Translational neuroscience is deeply engaged with the notion that the brain functions on computational principles, including Bayesian principles, striving to reduce environmental uncertainty through predictive mechanisms such as the free-energy principle. This foundational concept places predictive processing at the center of brain structure and function. Recent methodological advancements highlight the transformative potential of these approaches. However, despite these advances, the full capacity of the computational models remains largely untapped in specific applications within translational neuroscience. This Research Topic seeks to bridge that gap and broaden and explore the spectrum of computational models in translational neuroscience.
Our goal is to gather original research papers, study protocols, and comprehensive reviews that illustrate the ways computational models can predict and simulate brain function under physiological and pathological conditions in human and animal studies.

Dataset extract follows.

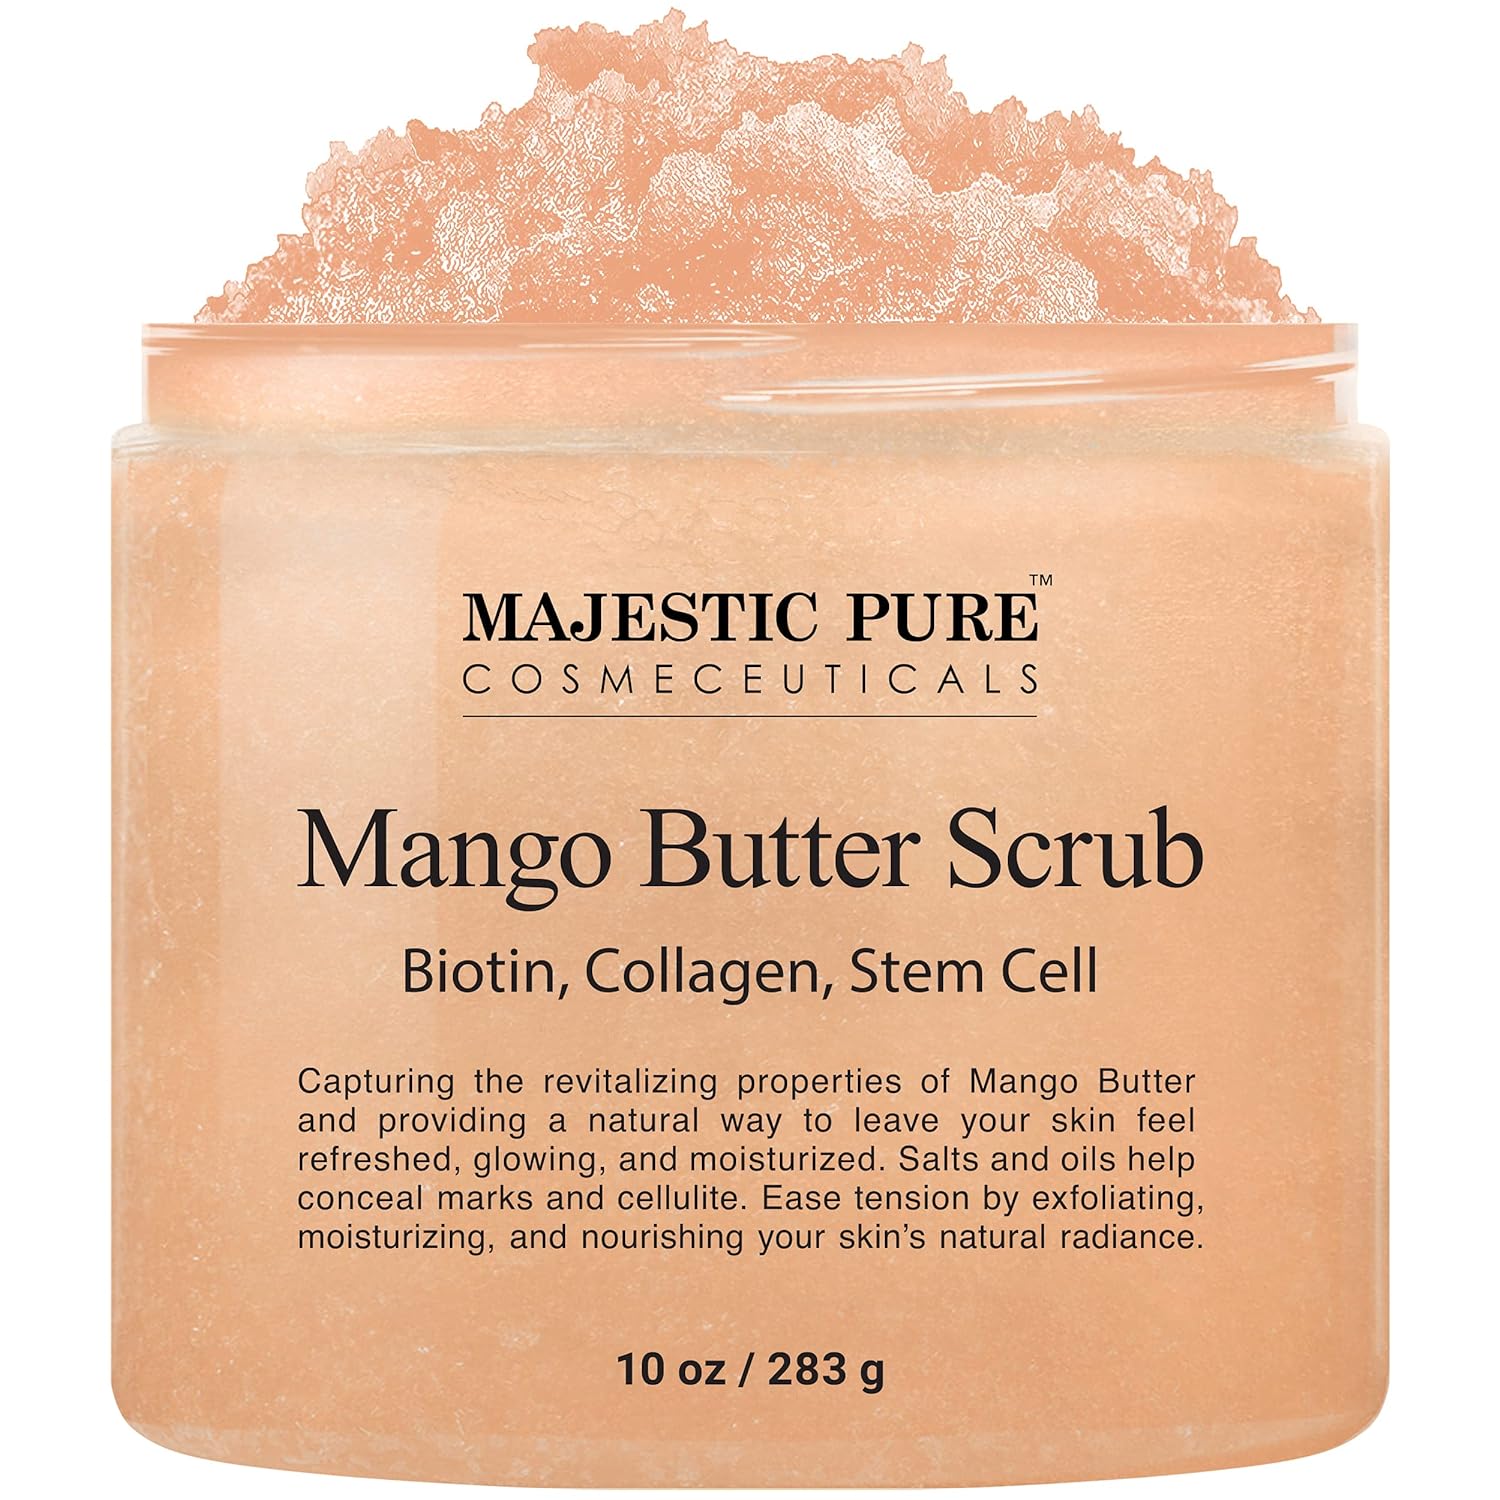 Majestic Pure Mango Butter Body Scrub - With Biotin, Collagen, Stem Cell - Exfoliating Salt Scrub to Exfoliate and Moisturize Skin - Deep Skin Cleanser - Natural Skin Care for Men and Women - 10 oz

To further understand the extensive applicability of advanced models in neuroscience, we invite submissions addressing, but not limited to, the following themes:

• Exploration of simulation and optimization models in translational neuroscience
• Harnessing Bayesian compressive sensing techniques
• Use of hierarchical models in neuroscience
• Impact of model perspectives on magnitude estimation
• Developing unbiased approaches to functional connectomics
• Creating efficient spatial models for neuroimaging data
• Leveraging Artificial Intelligence in translational neuroscience

These contributions will provide an enriched perspective resource for effectively applying complex computational models to advance research in translational neuroscience.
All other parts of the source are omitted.